Бросается в глаза, что Янай скучает по временам, когда он был боссом якудза. Ему нравится подчинять себе живых существ, хотя сейчас это просто странное хобби. У него есть жена и дочь, но они сейчас живут в Токио.
«Вам, наверное, одиноко», — замечаю я наугад.
«Это правда», — отвечает Янай, отпуская золотую рыбку обратно в бадью и наблюдая, как она присоединяется к своим товарищам. «Когда я прихожу домой, то они ждут меня. Они не жалуются, если голодны, но они умрут, если я не буду заботиться о них».
Во время церемонии, отмечающей возрождение Нараха, мэр Юкиэй Мацумото выполняет обычные гражданские ритуалы, которые одинаковы у мэров по всему миру. Он сажает дерево, используя при этом лопату с позолоченным черенком, празднует с группой детей, и излучая уверенность, позирует рядом с ярко раскрашенной иллюстрацией будущего Нарахи. «Часы, которые остановились», — заявляет он, — «снова начали тикать!».
Через несколько недель я встречаюсь с Мацумото в ратуше. По неброскому офису там и сям лежат фигурки Юдзутаро – антропоморфного желтого цитрусового фрукта, являющегося символом Нарахи. Мацумото пьет зеленый чай, ведя беседу мягким монотонным голосом. Если послушать его, то более трех лет управлять радиоактивным городом–призраком едва ли не насыщеннее событиями, чем встреча комиссии по зонированию. Он посещал несметное число встреч с официальными лицами из правительства и наблюдал за восстановлением города. Когда он говорит об этом городе, то почти не использует слово «радиация», а предпочитает использовать обтекаемые эвфемизмы вроде «окружающая среда».
Я прошу ответить его на вопрос, какие проблемы больше всего волнуют эвакуированных. Сначала, говорит Мацумото, они были «довольно рассержены из–за окружающей среды в городе».

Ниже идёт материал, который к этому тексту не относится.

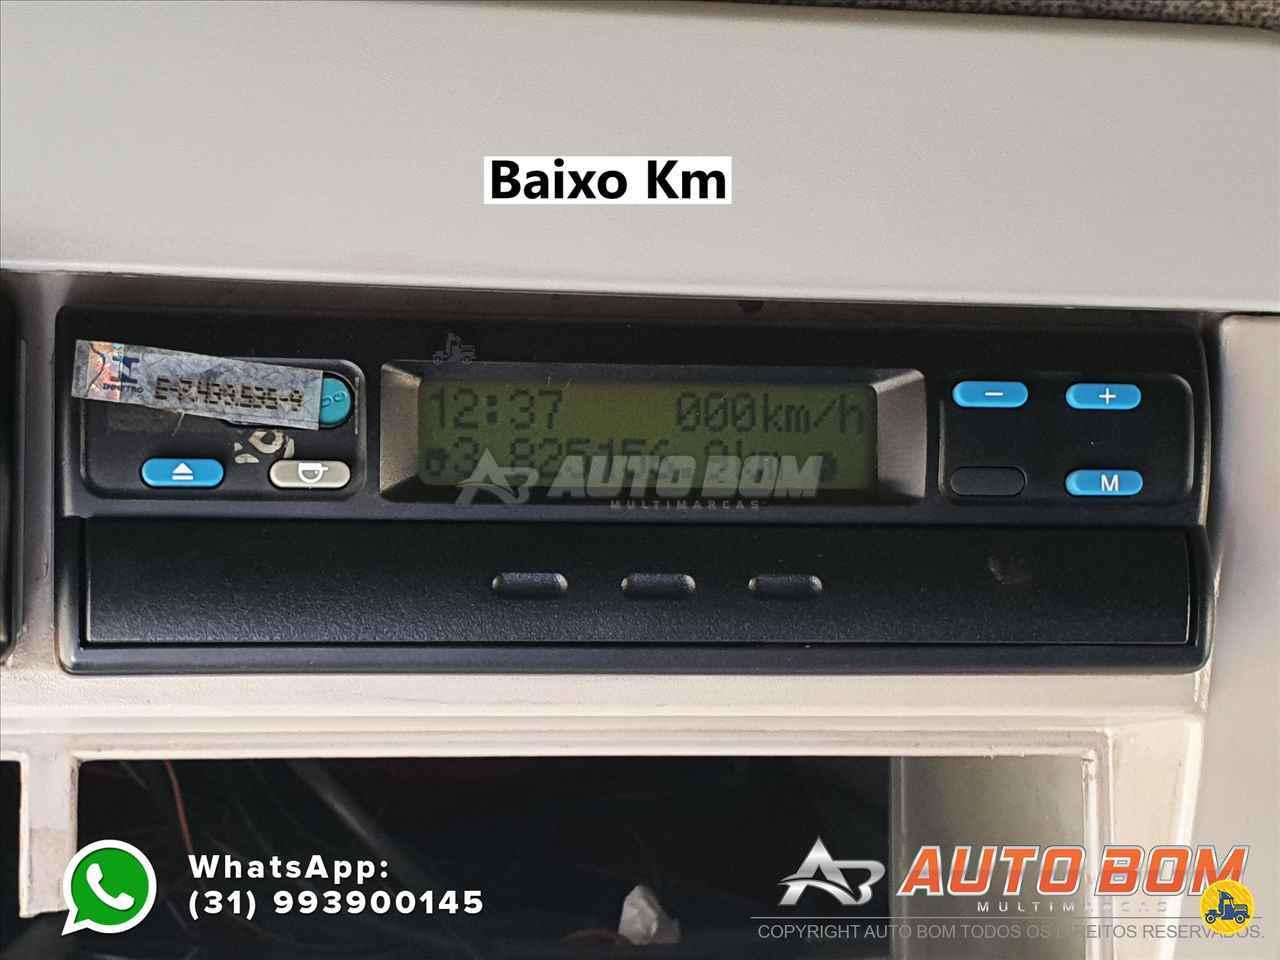 IVECO STRALIS 410 169890km 2010/2011 Autobom Multimarcas

«А теперь?» — спрашиваю я.
«Теперь проблем нет, и люди живут спокойно».
После, когда я говорил с жителями, все яснее становилось, что это заявление о спокойной жизни является огромным преувеличением. Даже случайному наблюдателю очевидно, что в Нараха возвращаются только пожилые люди. Я спросил Мацумото, что если молодые люди боятся растить здесь своих детей, то какое будущее ждет этот город?
«Конечно, мы хотим, чтобы сюда вернулись все без исключения», — отвечает он. «Сначала возвращаются пожилые люди». Он ставит чашку на стол. «Но если дети так и не вернутся сюда, то город не сможет существовать».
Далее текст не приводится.